When asked about rumours that his government may privatize the NSLC earlier this year, Finance Minster Allan MacMaster downplayed the possibility but stopped short of ruling it out completely. Simply put, there are several reasons that Nova Scotians would benefit from a privatized NSLC.
Privatization, which has largely been successful elsewhere, would likely lead to more choice and convenience for consumers. Consider the experience of Alberta, which privatized the retail portion of liquor sales in the early 1990s. Research has shown that post-privatization, consumers benefited from increased competition with more stores, falling liquor prices and greater product selection. Crucially, research also finds “no evidence that the residents of Alberta have been exposed to increases in crime or liquor-related offenses as a direct result of privatization.”
As with most monopolies, the NSLC is profitable, having delivered $274.5 million in net income in its most recent fiscal year. Opponents of privatization point to this revenue. However, according to research, the Alberta government did not experience a loss of revenue from privatization and actually received more revenue through increased sales (and additional corporate income taxes from the new private-sector stores).
Profits from the sale of the NSLC—in whatever form—could be applied to the province’s debt, which will reach $18.4 billion this year.
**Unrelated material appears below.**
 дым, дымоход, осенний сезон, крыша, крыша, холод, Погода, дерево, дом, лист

At this level of debt, government is expected to spend $676 million on interest costs this year alone. Reducing the debt by selling the assets of the NSLC would reduce these costs, which leaves more money for things such as health care and even tax relief.
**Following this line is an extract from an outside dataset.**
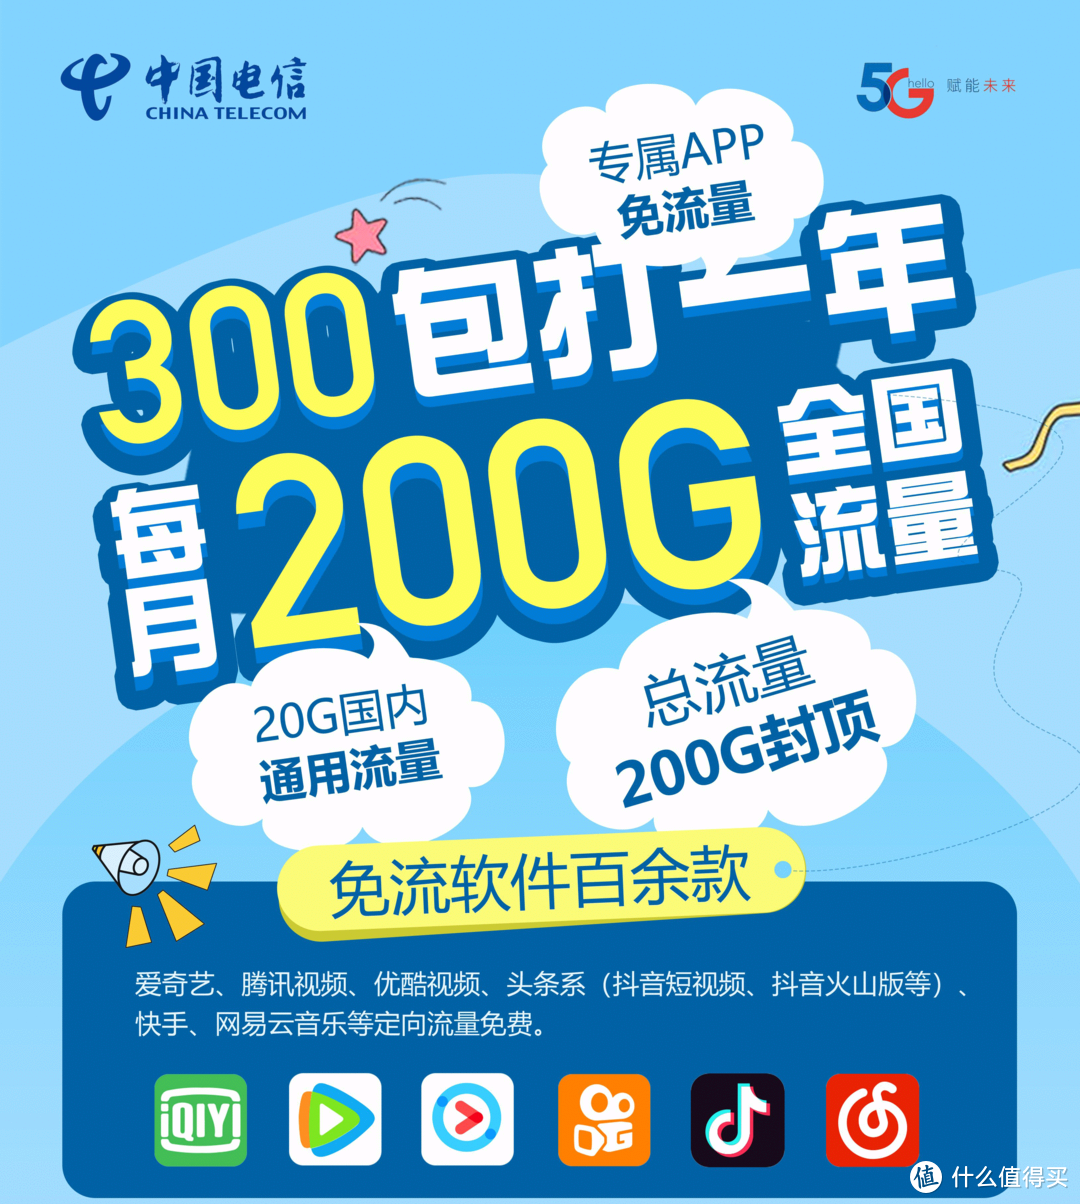 2020年北京三家运营商校园卡5G套餐对比

Moreover, the NSLC has several lines of business including wholesale, distribution and retail. A breakdown of stores illustrates the lack of private-sector involvement. The NSLC currently operates 108 retail stores and an additional 65 agency stores. By comparison, the NSLC allowed just four private stores to open in 2002 (all in the HRM) and has not increased the number since. The kicker? The private sector largely provides better hours, better selection and more convenience for customers.
And yet, despite these potential benefits, interest groups will continue to resist privatization. For example, the NSGEU, Nova Scotia’s largest union, has steadfastly opposed privatization of all kinds including a previous proposal to privatize the NSLC in 2013.
Privatization is currently being considered in other provinces including Newfoundland and Labrador following a recommendation from that government’s Economic Recovery Team, which said “the provincial government should sell all or a majority interest in the Newfoundland and Labrador Liquor Commission.”
A review of the Nova Scotia’s 300 Crown corporations has garnered significant attention in the early days of the Houston government. While decisions on some of those entities may prove to be difficult, privatization of the NSLC would bring more choice for consumers, reduce government debt, and allow the government to focus spending on core priorities. Simply put, it’s a no-brainer.